L’Élysée l’a assuré à la presse : il s’agit d’une « décision qui repose sur la science et sur l’expertise de nos autorités et de RTE en matière de dimensionnement de nos besoins électriques ». Lorsqu’il a dévoilé ses six scénarios énergétiques pour 2050 le 25 octobre 2021, le gestionnaire du réseau de transport d’électricité haute tension a en effet présenté comme plus faciles à mettre en œuvre et moins coûteux ceux prévoyant la construction de nouveaux réacteurs à partir de 2035. Mais la présentation était biaisée : seuls les scénarios reposant sur une baisse modérée de la consommation énergétique finale ont été présentés par RTE, et non ceux dits de « sobriété » et de « réindustrialisation profonde », qui devraient être dévoilés mi-février.

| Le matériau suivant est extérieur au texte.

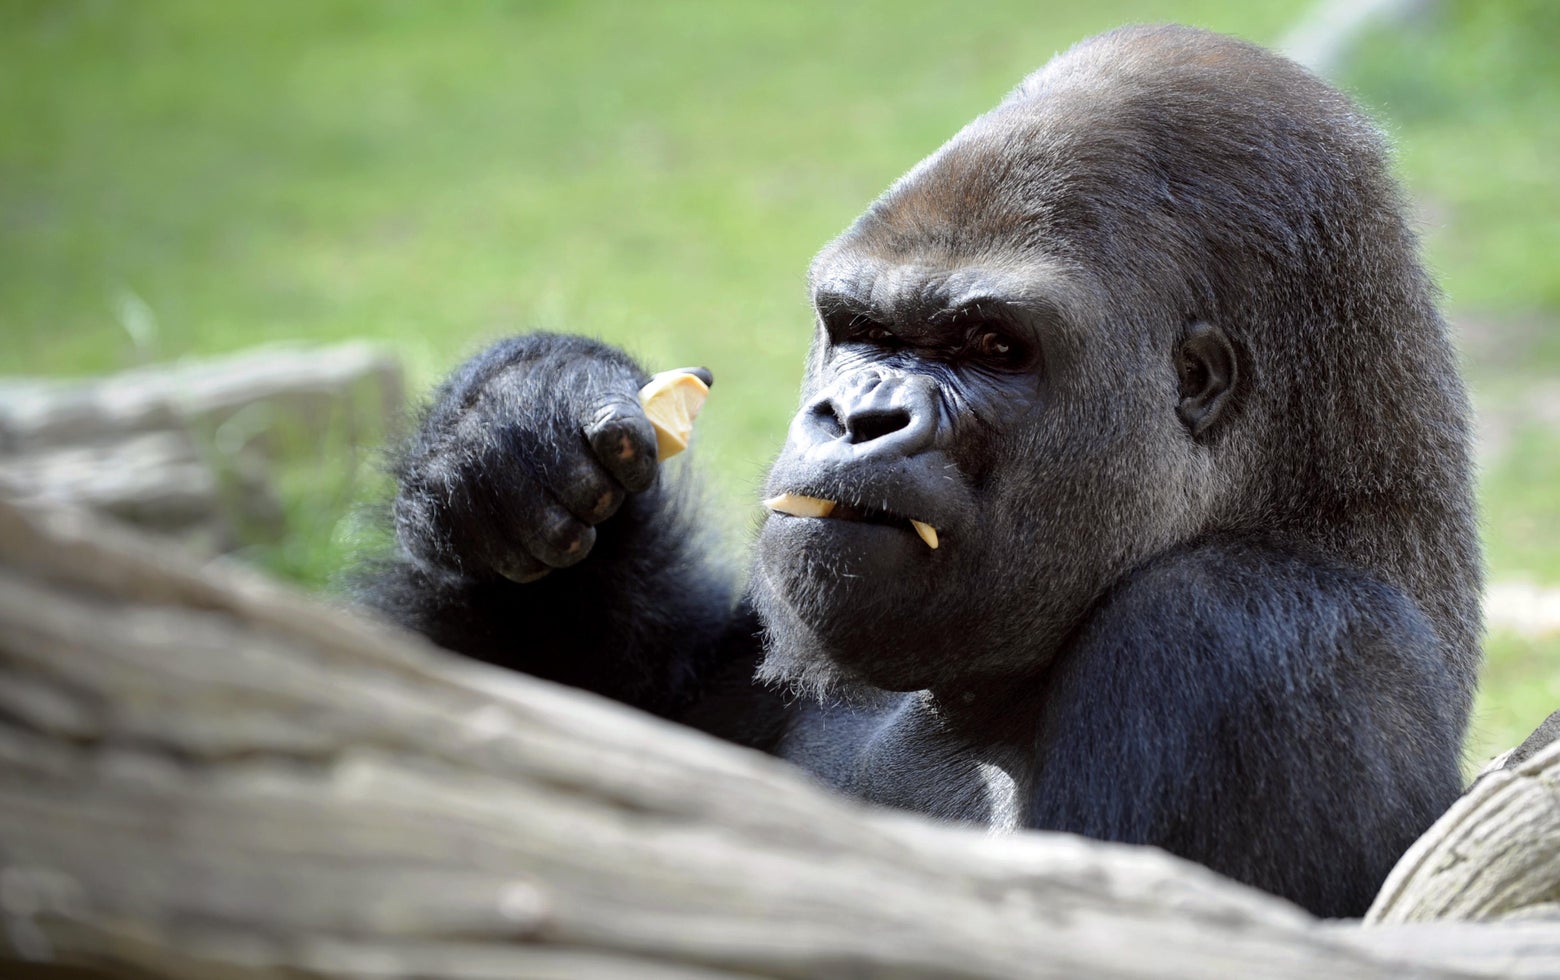 gorillas fighting other animals

Pour l’heure, un seul des EPR lancés dans le monde depuis 2005 produit de l’électricité

Cette manière de présenter comme inéluctable la construction de nouvelles centrales nucléaires a fait bondir les écologistes. « Le nucléaire ne répond pas à l’urgence climatique », a insisté le chargé de campagne transition énergétique à Greenpeace Nicolas Nace lors d’une conférence de presse, mercredi 9 février. Premier argument, le nouveau parc ne sera jamais prêt à temps pour contribuer à l’objectif de neutralité carbone en 2050. « Emmanuel Macron nous a vendu les premiers EPR pour 2035, mais un document de travail interministériel dévoilé par Contexte prévoit plutôt la mise en service de la première paire pour 2030-2040 — si tout se passe bien. Donc vers 2045-2050 en cas de problème », a-t-il calculé. Ceci, car « le design de l’EPR2 est théorique, pas encore finalisé. Les bases du plan sont là, mais il reste pas mal de détails techniques à régler. Une mise en service avant 2040 n’est donc pas réaliste. »

Autre argument, le nucléaire coûte cher. Plus cher que ne le laissent à penser les estimations optimistes d’EDF et du gouvernement, voire de RTE, affirment les antinucléaires. Dans un rapport publié le 24 novembre 2021, Greenpeace et l’Institut Rousseau démontrent que les scénarios 100 % renouvelable et nucléaire de RTE ont en réalité des coûts similaires. Yves Marignac, porte-parole de l’association Négawatt, dénonce une « dissymétrie dans la construction des coûts » des différents scénarios par RTE : « Si la concertation menée par RTE a conduit à une très grande prudence sur la plupart des hypothèses de coûts concernant les renouvelables, reflétant ainsi la diversité des projections d’acteurs, ceux retenus pour le nucléaire, basés sur les seules déclarations du gouvernement et d’EDF, sont beaucoup plus favorables. Ils semblent non seulement optimistes au vu du retour d’expérience, mais même minorés en regard des évaluations sur lesquelles s’appuient en interne ces mêmes acteurs. » Certains coûts n’auraient même pas été pris en considération, notamment celui d’un accident nucléaire, au motif qu’il est « non probabilisable ».

Dernière interrogation, et non la moindre : la France est-elle capable de construire un nouveau parc ? L’EPR de Flamanville n’a toujours pas démarré et accuse dix ans de retard et 8,7 milliards de surcoûts — il devait coûter 3,3 milliards et est désormais estimé à près de 20 milliards. L’EPR finlandais d’Olkiluoto a lui aussi plus d’une décennie de retard et ne devrait pas fournir d’électricité avant juillet 2022. La réalité est que pour l’heure, un seul des EPR lancés dans le monde depuis 2005 a pu être achevé et mis en service : celui de Taishan, en Chine. L’un de ses réacteurs a dû être mis à l’arrêt en juillet dernier à cause d’une accumulation de gaz rares radioactifs dans son circuit primaire. « On n’a toujours pas de vision claire sur la cause de cette fuite, mais un problème structurel sur la cuve et la technologie EPR n’est pas écarté », a rappelé Nicolas Nace. Si cette dernière hypothèse se confirme, la France pourrait attendre un long moment avant de pouvoir raccorder de nouveaux EPR au réseau.